En plus de Nimitz-classe, la marine américaine exploite également neuf navires de quai d'atterrissage pour hélicoptères de la Guêpe et Amérique Des classes. Ces navires mesurent 843 pieds de long et déplacent environ 40 000 tonnes. Les navires sont conçus pour transporter des éléments aériens et terrestres d'une force de débarquement du corps des Marines des États-Unis et ont des ponts d'envol de type porte-avions sur toute la longueur.

Chaque navire peut transporter 10 transports à rotors basculants MV-22 Osprey, 4 hélicoptères de transport lourd CH-53E, 3 hélicoptères UH-1 Huey, 4 hélicoptères d'attaque AH-1Z et 6 avions à réaction AV-8B Harrier. Avec une modification minimale, chaque Guêpe peut transporter 24 Harriers.

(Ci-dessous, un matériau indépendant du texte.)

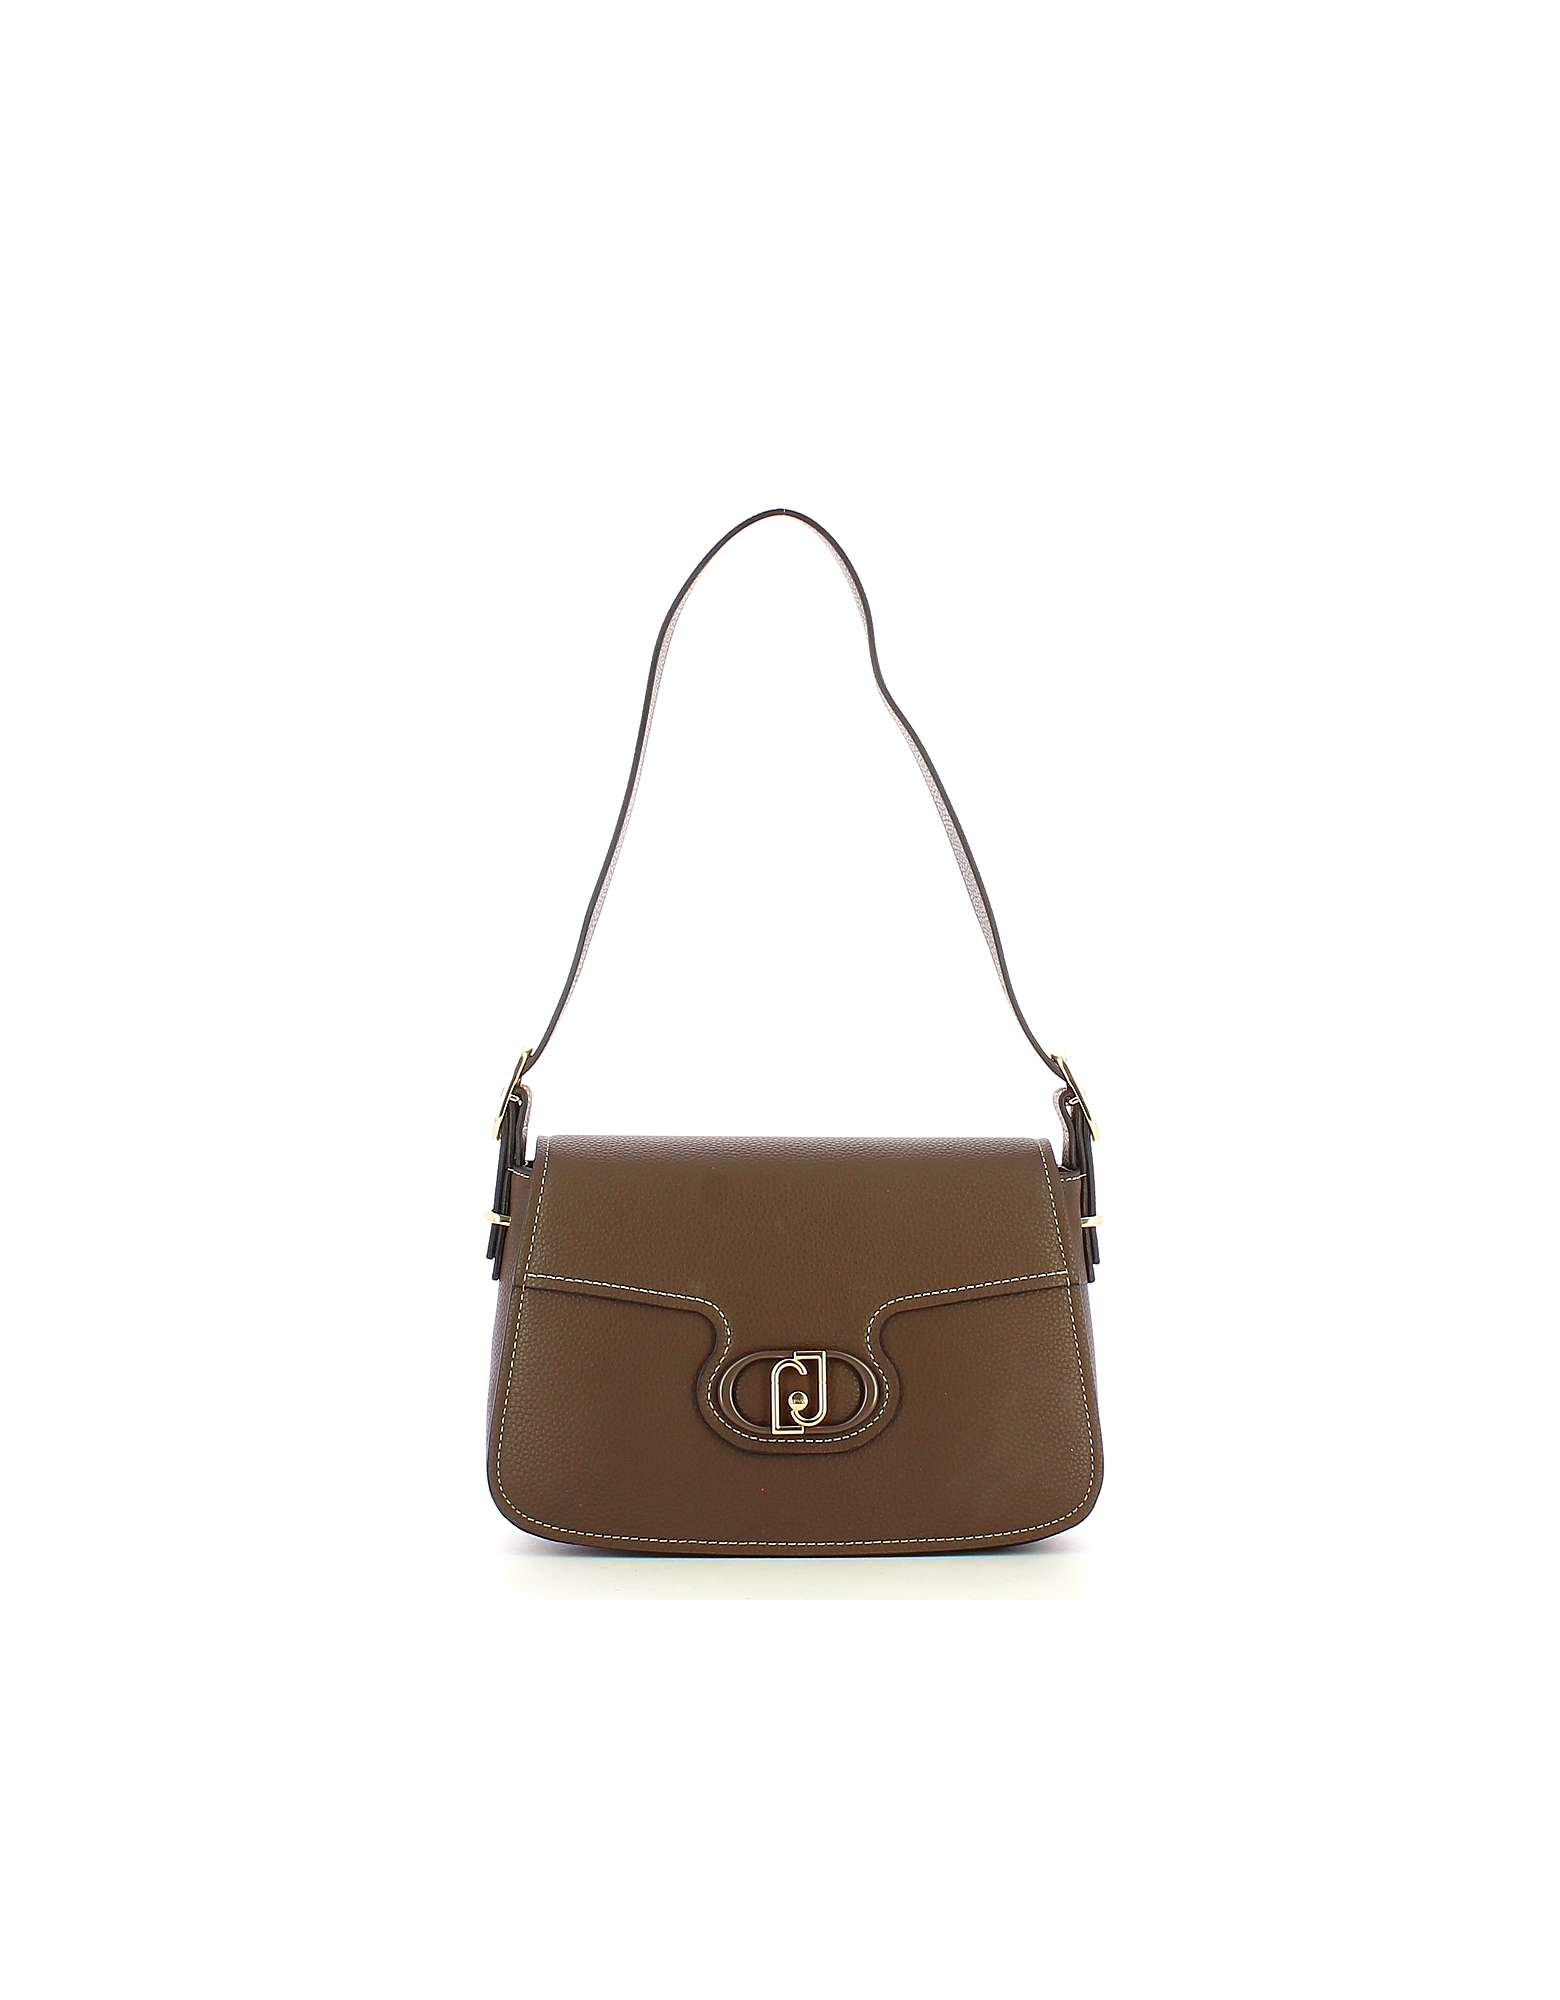 Liu •jo Designer Handbags Women's Bag In Brown

Les Amérique La classe est optimisée pour transporter des unités d'aviation marine et peut transporter quelques Ospreys supplémentaires. Dans un avenir proche, le F-35B Joint Strike Fighter remplacera les Harrier sur une base 1:1, et le Amérique sera capable de supporter jusqu'à 20 F-35B à la fois.

Plusieurs nouveaux supercarriers, USS Gerald R. Ford, USS John F. Kennedy, USS Entreprise, et USS Doris Miller&mdashle premier navire de guerre à porter le nom d'un marin noir (et d'un marin enrôlé)&mdashare en construction. Un Amérique-classe navire, USS Tripoli, est également en cours de développement.

L'ère des supercarriers comme l'USS Gerald R. Ford pourrait bientôt prendre fin. Plus tôt cette année, le secrétaire par intérim de la Marine Thomas Modly a déclaré Rapport sur la défense et l'aérospatiale la Marine ne peut plus acheter de porte-avions de cette classe.